Case 1) The left shaded bar represents the event where the first roll returned a “1” and the second roll returned a “2”
Case 2) The right shaded bar represents the event where the first roll returned a “2” and the second roll returned a “1”.
Each case happens with equal probability of 1 “unit”, which is how we end up with a total probability of 2 * (1/36) = 2/36 for the two rolls to sum to 3.
Graphing the region of overlap
At this point, it’s time to start graphing the region of overlap that we’ve encountered and will continue to encounter, alongside our sliding progress. In step 1, we had 1 bar of overlap, and in step 2, we had 2 bars of overlap:
Hopefully, now you can see why we had to flip the distribution of the second roll horizontally. It’s so that we can sum the smaller individual roll results first, and graph the probability of getting a certain sum of 2 rolls in ascending order. Now, keep sliding! After sliding 6 times… we get this:
The last bar to be drawn in the bottom graph is worth 6 “units”. It corresponds to the current overlapped region in the top graph. Keep sliding ALLLLLLL the way! This following diagram shows the very last step of sliding:
And we’re done with the case of n = 2. The sequence of “unit” counts for the bottom graph is [1, 2, 3, 4, 5, 6, 5, 4, 3, 2, 1]. Notice how we went from the rectangular distribution to a triangular distribution? Before we extrapolate into the n = “LARGE NUMBER” scenario, let’s quickly skim through the same process for n = 3.
3 die rolls (n = 3):
With a third roll, now we have one more rectangular distribution to play with. You can either start from scratch by sliding the 2nd distribution over the 1st, followed by sliding the 3rd distribution over that resultant distribution, or, since we already have the distribution of the sum of 2 die rolls, simply slide the 3rd rectangular distribution over the triangular distribution we just arrived at. Here are some while-sliding diagrams:
Without proceeding to completion, you can already see how it comes even closer to the Normal Distribution. The sequence of “(new) unit” counts for the bottom graph here is [1, 3, 6, 10, 15], and this is really only a subset of the full sequence, which turns out to be:
[1, 3, 6, 10, 15, 21, 25, 27, 27, 25, 21, 15, 10, 6, 3, 1]

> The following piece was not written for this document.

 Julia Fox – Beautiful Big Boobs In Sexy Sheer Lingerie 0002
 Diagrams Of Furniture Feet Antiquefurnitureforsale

We certainly see the signature bell-curve shape coming into being! In this full sequence of numbers, you can also see some number patterns going on, which can be further extrapolated into higher values of n, which would come closer and closer to the actual shape of the Normal Distribution!
Generalizing
Turns out, the actual Normal Distribution is actually the limit of such a sliding exercise, where the result of sliding an additional (n+1)-th distribution over the current distribution (sum of n samples) has the same shape as the current distribution!
Of course, the actual math of deriving or characterizing the Normal Distribution is not the simplest, but the concept of the C.L.T. is actually pretty simple to conceptually “prove”. You can repeat this mental exercise with not only Uniform Distributions, but also other distributions, including “wild child”s like multi-modal distributions, and frankly, anything. It will likely take more iterations (higher n values) for wilder distributions to come close to the shape of the Normal Distribution, but it certainly will, with sufficiently large values of n!
I encourage you to go forth and actually carry out this mental exercise for various distributions, and if you so wish, dive into the mathematics proper!